- _DATASET EXCERPTS_:

== Segment start ==

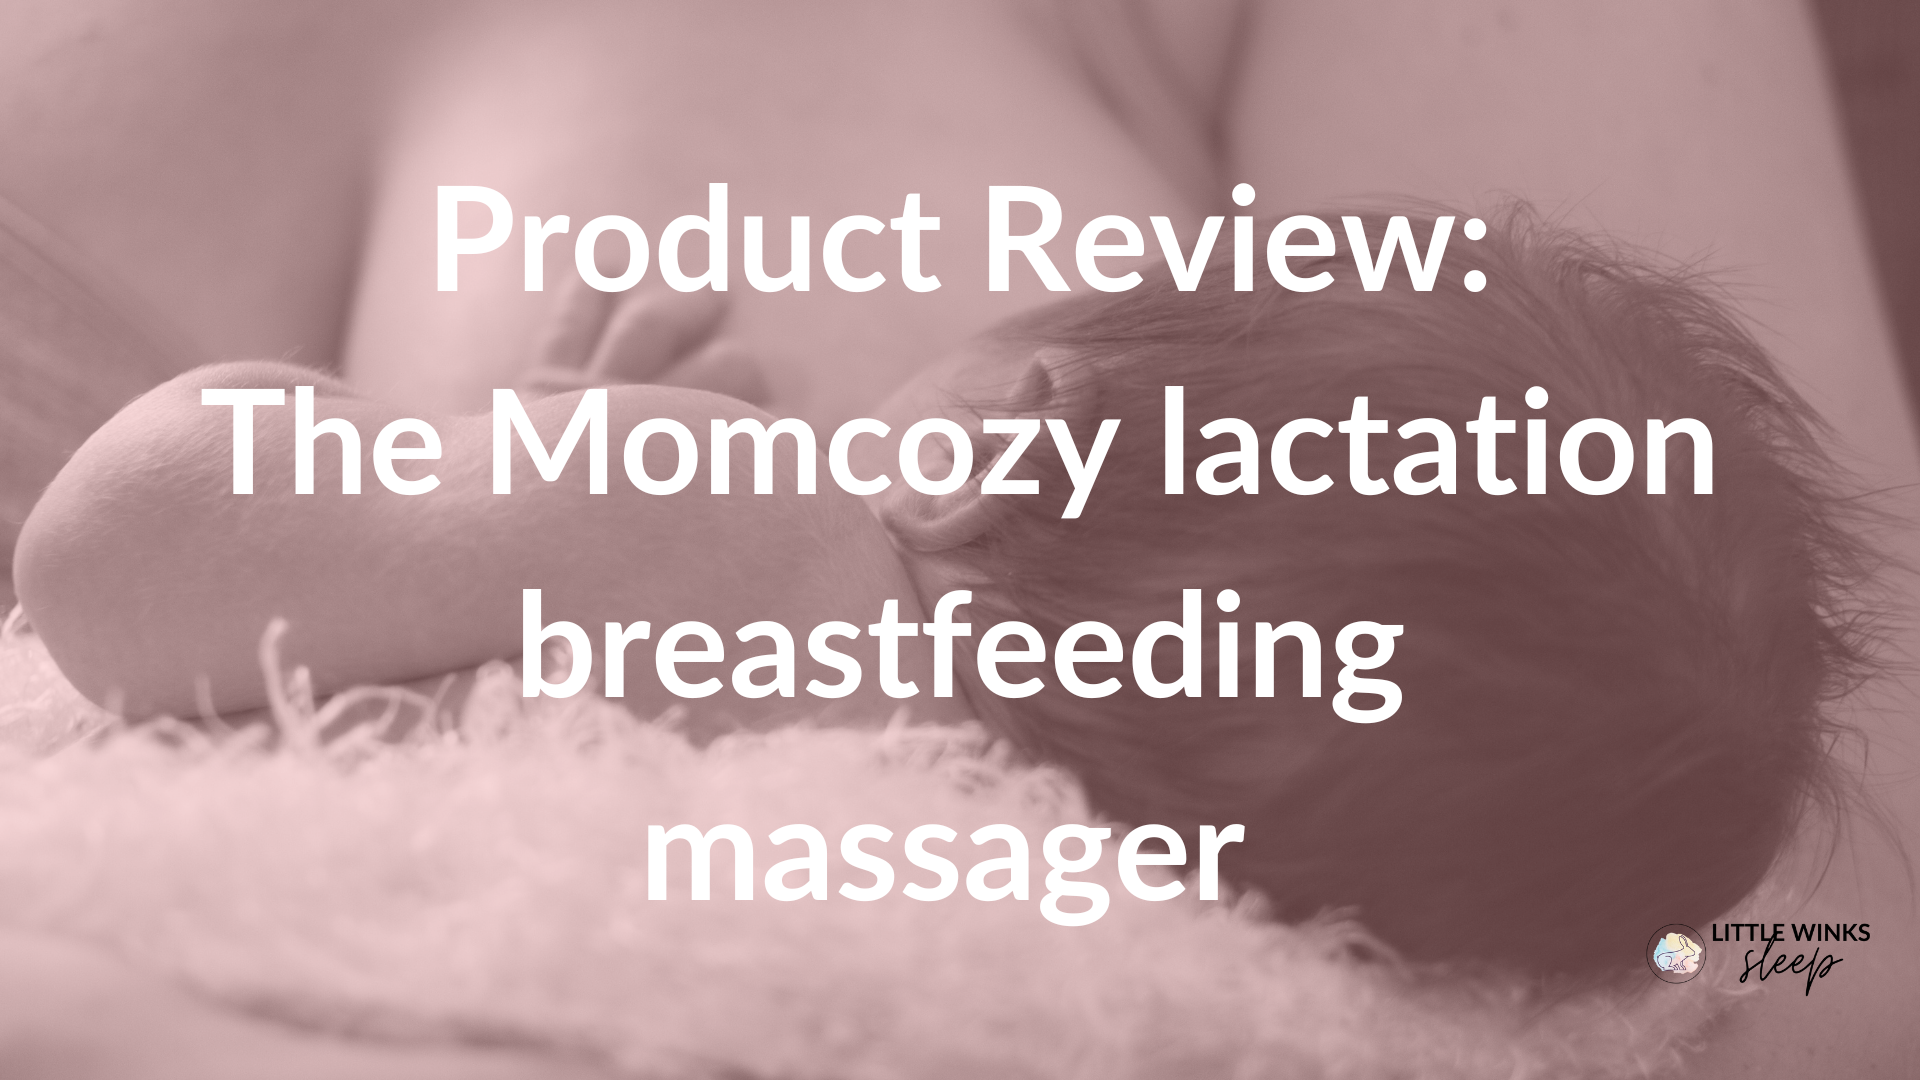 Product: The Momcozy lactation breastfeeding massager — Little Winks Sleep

== Segment end ==
== Segment start ==

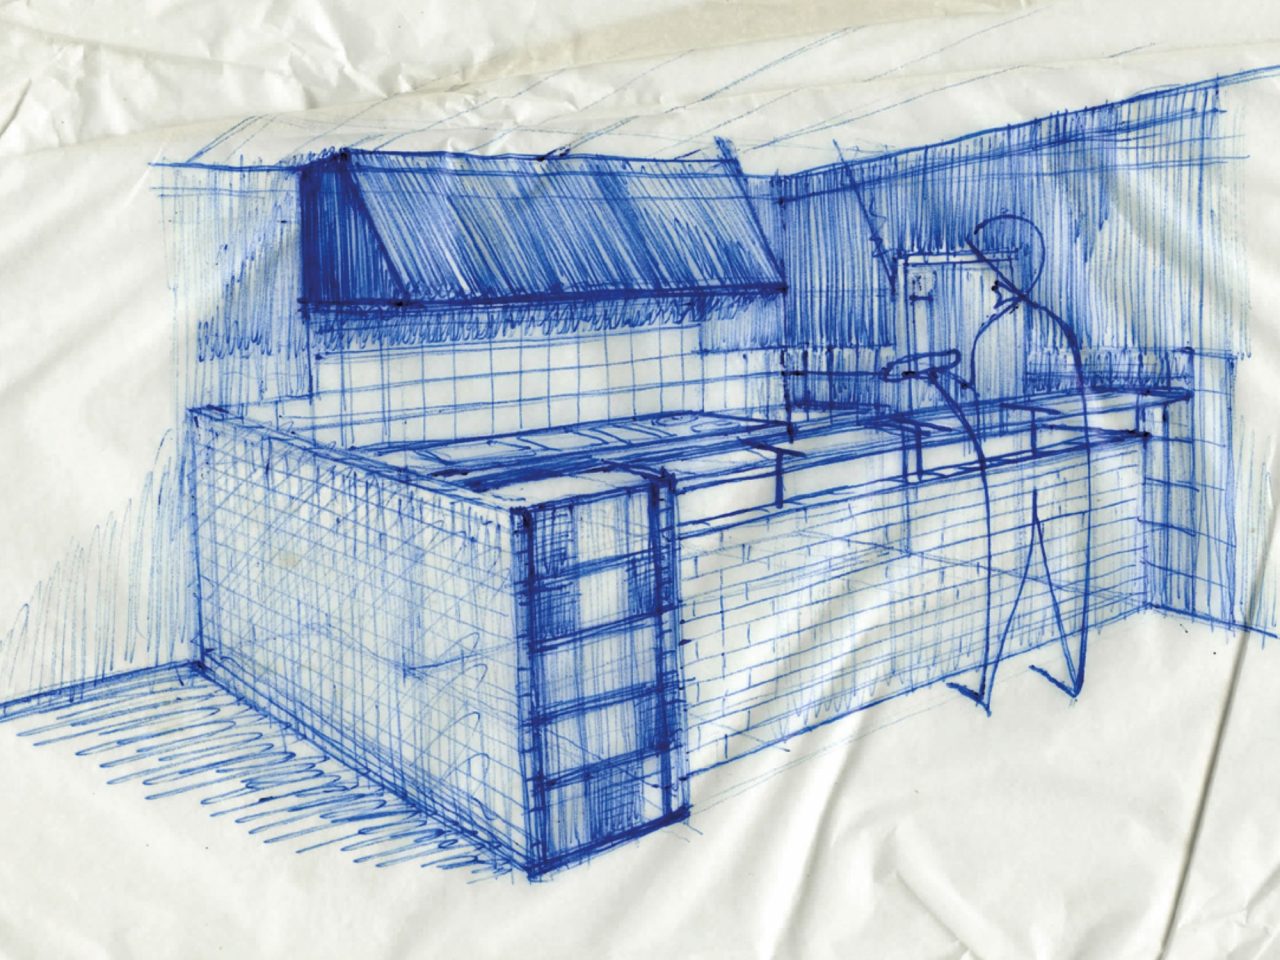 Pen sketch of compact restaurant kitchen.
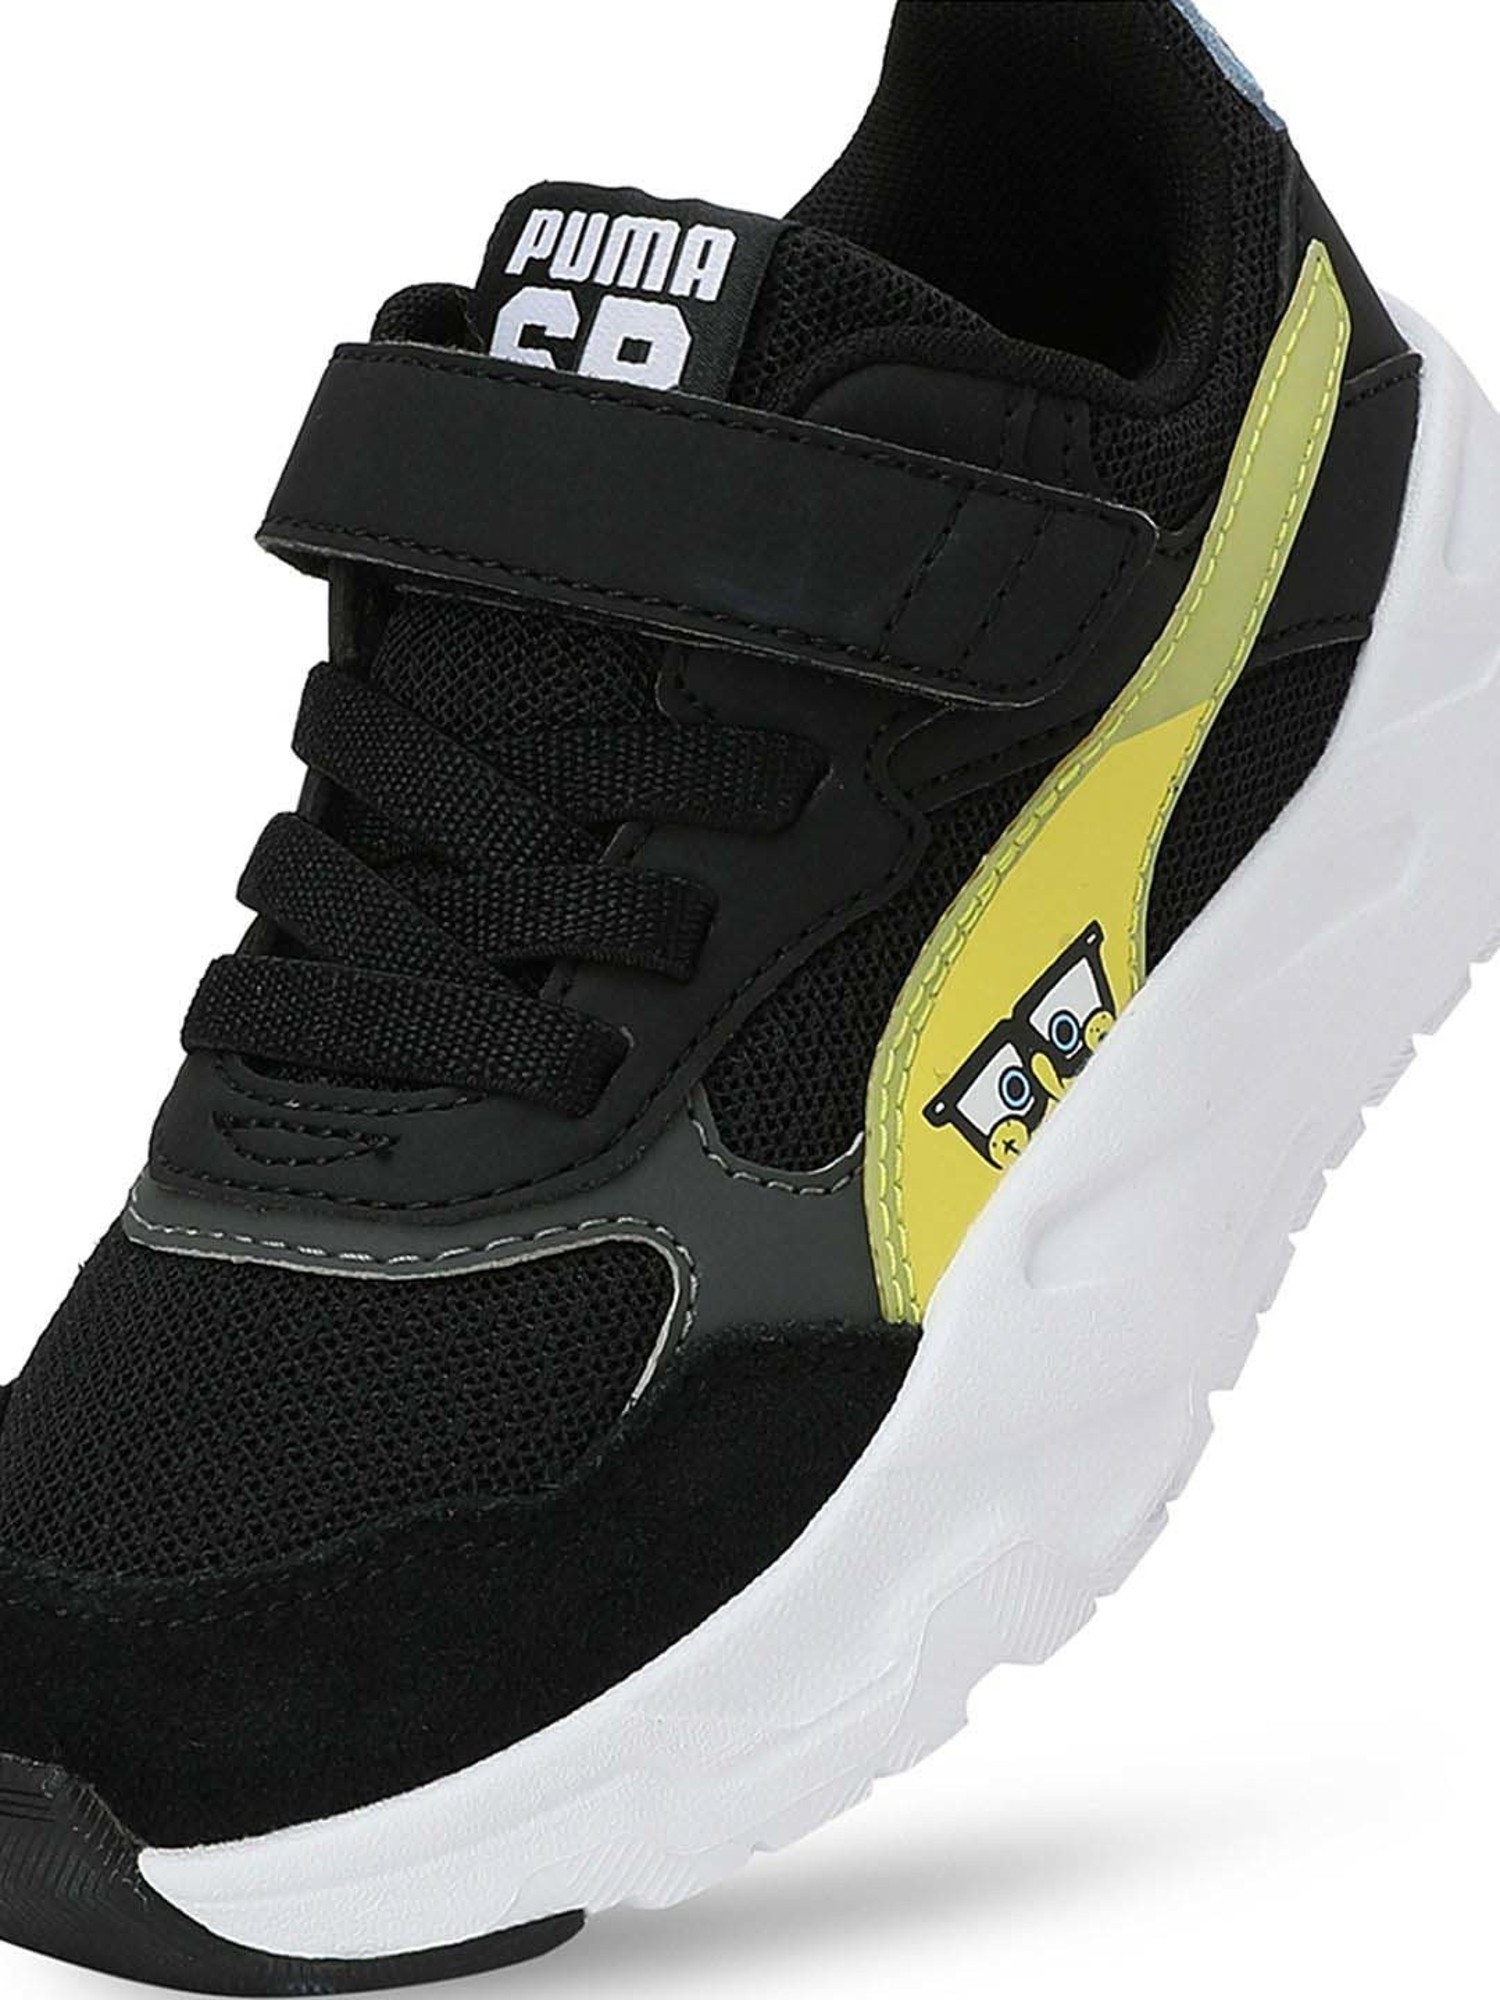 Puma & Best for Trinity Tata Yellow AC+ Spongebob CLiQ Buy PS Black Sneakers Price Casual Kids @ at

== Segment end ==
== Segment start ==

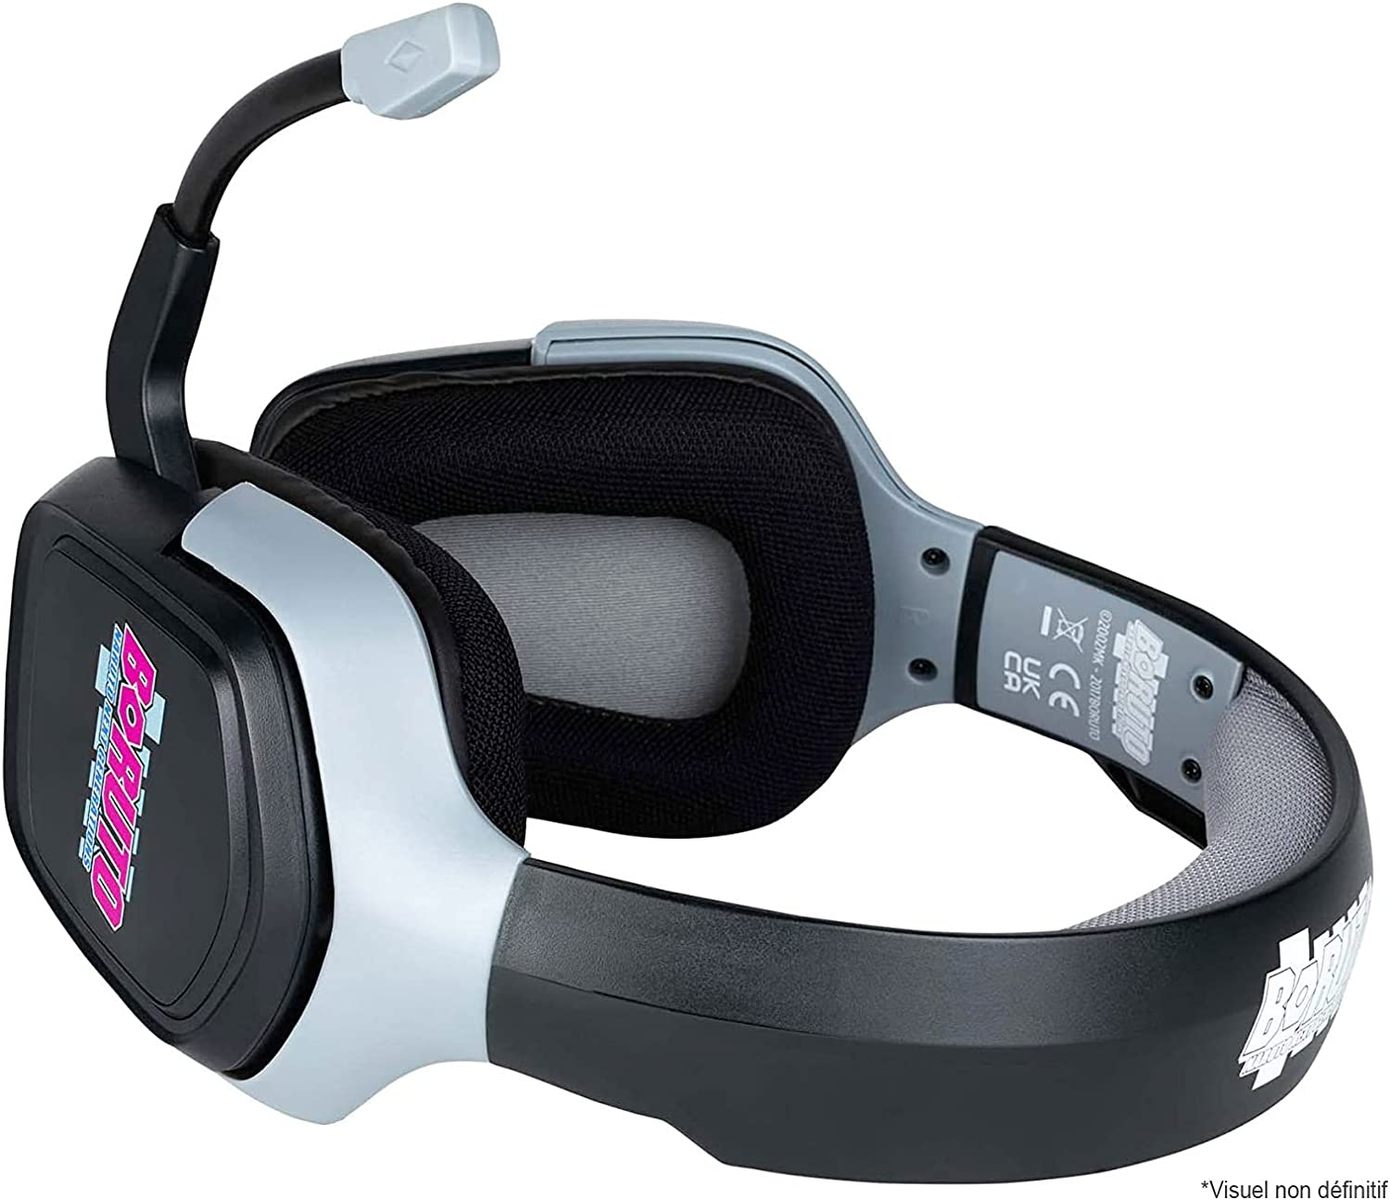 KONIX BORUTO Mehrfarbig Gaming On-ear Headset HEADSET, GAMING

== Segment end ==

- _PROBLEM STATEMENT_:
Please copy out from the data above, without any picture, exactly the lines running from the one that holds "Pen sketch of compact restaurant kitchen." through the one that holds "Puma & Best", and nothing beyond them.

- _REPLY_:
 Pen sketch of compact restaurant kitchen.
 Puma & Best for Trinity Tata Yellow AC+ Spongebob CLiQ Buy PS Black Sneakers Price Casual Kids @ at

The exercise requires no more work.